A Compounding Problem
October 11, 2013    POSTED IN

Suppose you had \$100 in a savings account and the interest rate is 20% per year and you never withdraw money or interest payments. After 5 years, how much would you have on this account in total?

1. More than \$200
2. Exactly \$200
3. Less than \$200
4. Don’t Know

According to a survey of Americans between the ages of 40 and 60, by economists Annamaria Lusardi of George Washington University and Olivia S. Mitchell of the Wharton School of the University of Pennsylvania, 24.3% were unable to respond with the correct answer to this question. Regarding the respondents, over half of those surveyed had college or more years of education and nearly 30% earned at least \$100,000 per year.
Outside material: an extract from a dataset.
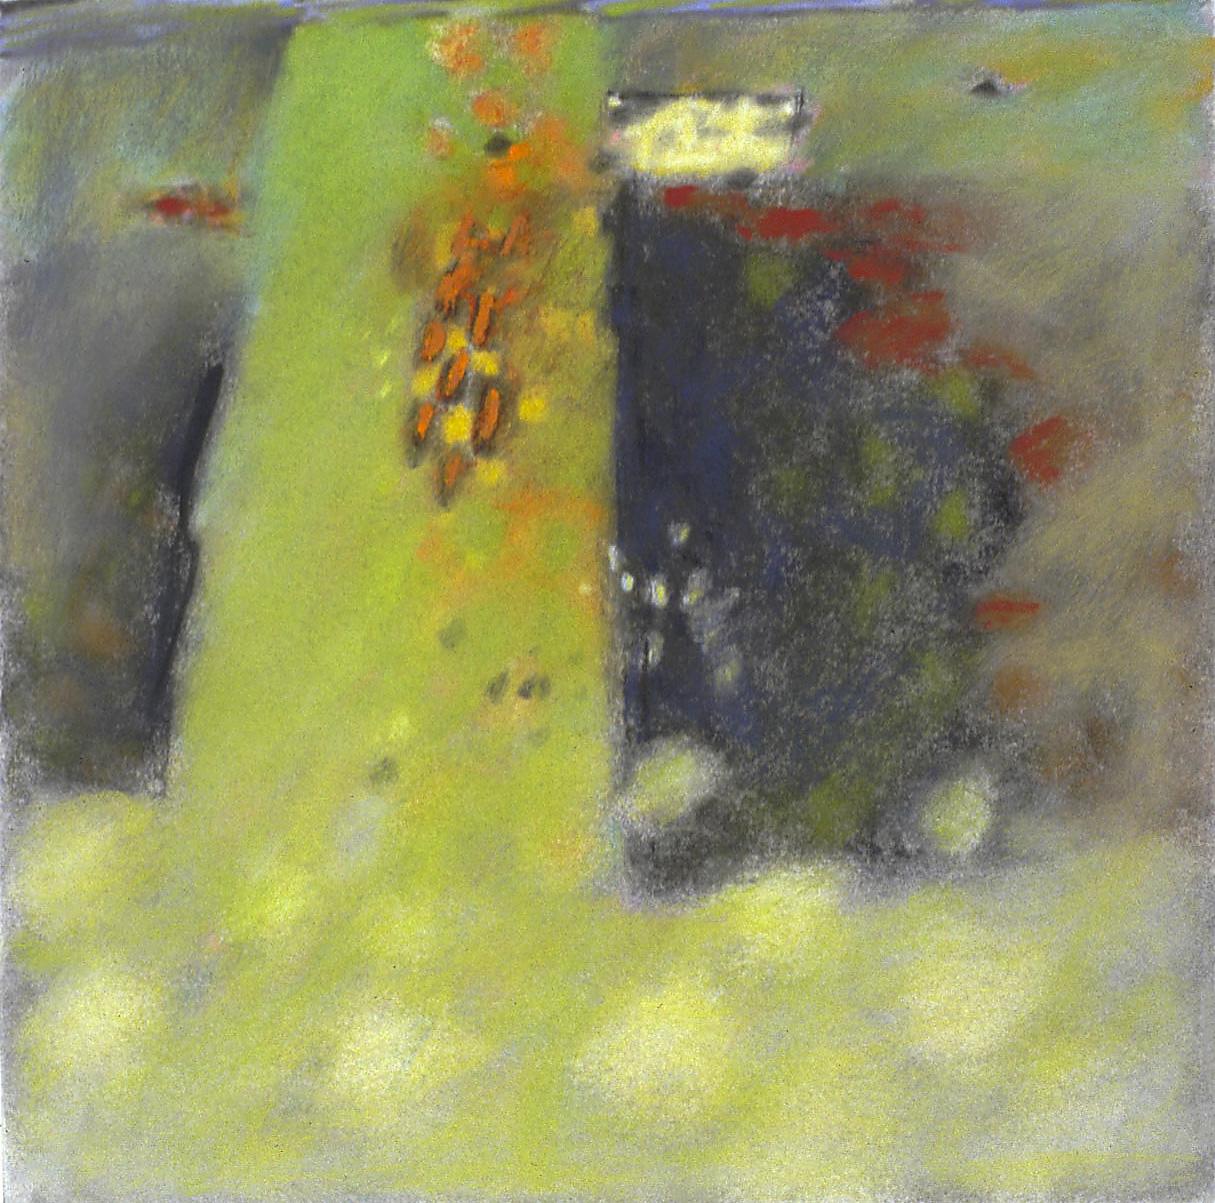 "16-03 | pastel on paper | 14 x 14"" | 2003"

Financial literacy is an important skill to have when saving for retirement. The hypothetical question above addresses a fundamental component of savings; compound interest.

A mental shortcut to answering the question, that might tempt you to answer “exactly \$200”, is to say that 20% of \$100 is \$20. Multiply \$20 by five years, add the original \$100 and arrive at exactly \$200 at the end of the fifth year. But that answer is incorrect.

Due to the effect of compounding, interest earned also earns interest, therefore the correct answer is “more than \$200”.

Here is how:

Today: \$100.00

Year 1

• First Years Interest: \$100 times 20% = \$20.00
• End of Year 1: \$100.00 + \$20.00 = \$120.00

Year 2

• Second Years Interest: \$120 times 20% = \$24.00
• End of Year 2: \$120.00 + \$24.00 = \$144.00

Year 3

• Third Years Interest: \$144.00 times 20% = \$28.80
• End of Year 3: \$144.00 + \$28.80 = \$172.80

Year 4

• Fourth Years Interest: \$172.80 times 20% = \$34.56
• End of Year 4: \$172.80 + \$34.56 = \$207.36

Year 5

• Fifth Years Interest: \$207.36 times 20% = \$41.47
• End of Year 5: \$207.36 + \$41.47 = \$248.83

Mathematically this can be calculated quickly by \$100 * (1.20)^5 = \$248.83. Compound interest, a  fundamental component of finance, works in the same fashion when you borrow. After all, the other side of the example above is the hypothetical bank. It has borrowed \$100 from the individual and, if no money or interest payments are withdrawn ends up paying the person \$248.83 at the end of year five.

Understanding the effect compound interest has, whether you are saving or borrowing, is an important concept to grasp for your long term financial well being.